La bande dessinée est un genre non-académique. Dès les années 1960, elle se transforme en un outil de rébellion pour critiquer la société contemporaine. En 1968 c’est un immense bouleversement, la BD est le fer de lance des révoltes estudiantines. Elle est valorisée par les auteurs et le système universitaire, et refuse le statut de non-culture au profit de celui de contre-culture. Christin et Mézières incarnent ce tournant du Neuvième art suite à Valérian et Laureline (1967). Ils introduisent l’une des premières héroïnes féminines qui s’ajoute aux côtés de Wonder Woman de William Moulton Marston et H.G. Peter. Ils transmettent dans les aventures du binôme des idées de libération sexuelle, d’écologie, mais aussi un refus des appartenances, comme dans La Cité des eaux mouvantes (1970). Ils vont inspirer Georges Lucas pour son intemporel Stars Wars. Désormais, la culture populaire intègre pleinement la bande dessinée.

Valérian et Laureline : La Cité des eaux mouvantes

Et les mangas alors ?

Il est difficile de comparer l’évolution des mangas à celle des bandes dessinées européennes. Les premiers rouleaux narratifs japonais (emakimono) remontent à l’époque de Nara, au VIIIème siècle de notre ère.
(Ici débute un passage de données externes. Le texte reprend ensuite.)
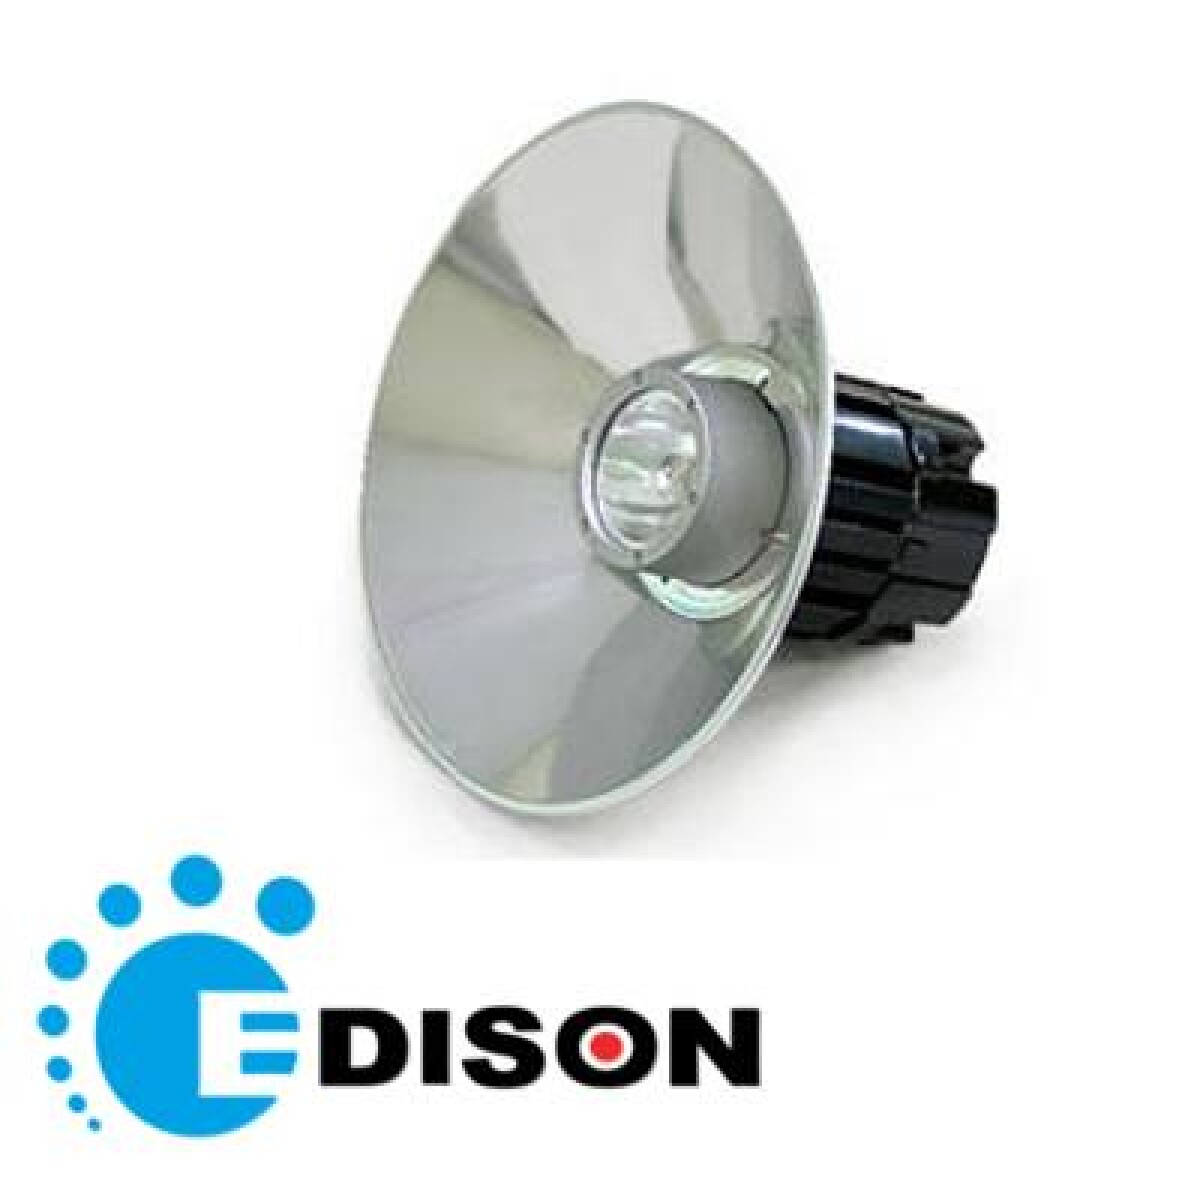 Edison - EBF1H1201- Lampara Led 120W + Reflector. - 001

Au XVIIème siècle, les Japonais inventent les estampes à lire. Au début du XIXème siècle, Hokusai donne son nom au terme manga qui signifie « croquis rapide » en référence aux nombreuses caricatures qu’il publie entre 1814 et 1834. Avec l’arrivée du Japonisme en Occident, les cultures européennes et japonaises s’entremêlent ; les auteurs de BD empruntent la ligne claire tandis que les mangaka s’inspirent de l’art nouveau. Dans les années 1870, l’influence mutuelle entre le Japon et l’Europe est à son apogée. Comme la bande dessinée, le manga sert d’arme de propagande. Puis avec l’occupation américaine, il adopte l’expressivité et le dynamisme de Walt Disney et des comics américains, dont Osamu Tezuka (Astro Boy, 1952) en est le représentant.

La consécration

Après 68’, la bande dessinée se voit enfin récompensée du titre qui lui revient : un genre de littérature. En 1991, c’est l’ultime acte de reconnaissance qui lui est rendu par l’Académie Française qui cherche à démocratiser la culture. La bande dessinée entre dans l’espace littéraire. L’année suivante, le prix du meilleur livre de l’année est décerné à Enki Bilal pour le bouleversant Froid Équateur.

Enki Bilal - La trilogie Nikopol

Aujourd'hui la bande dessinée tient une place majeure dans la littérature française et internationale. En effet, sur les 59 millions de Français qui se déclarent lecteurs en 2019, 51% d’entre eux lisent des bandes dessinées, des comics ou des mangas, ce qui hisse ce genre littéraire au deuxième rang des littératures les plus lues après les romans. Pourtant, elle reste un objet mystérieux, difficile à définir en raison de son histoire littéralement « horsnorme » et son caractère « bâtard », à la fois image et texte.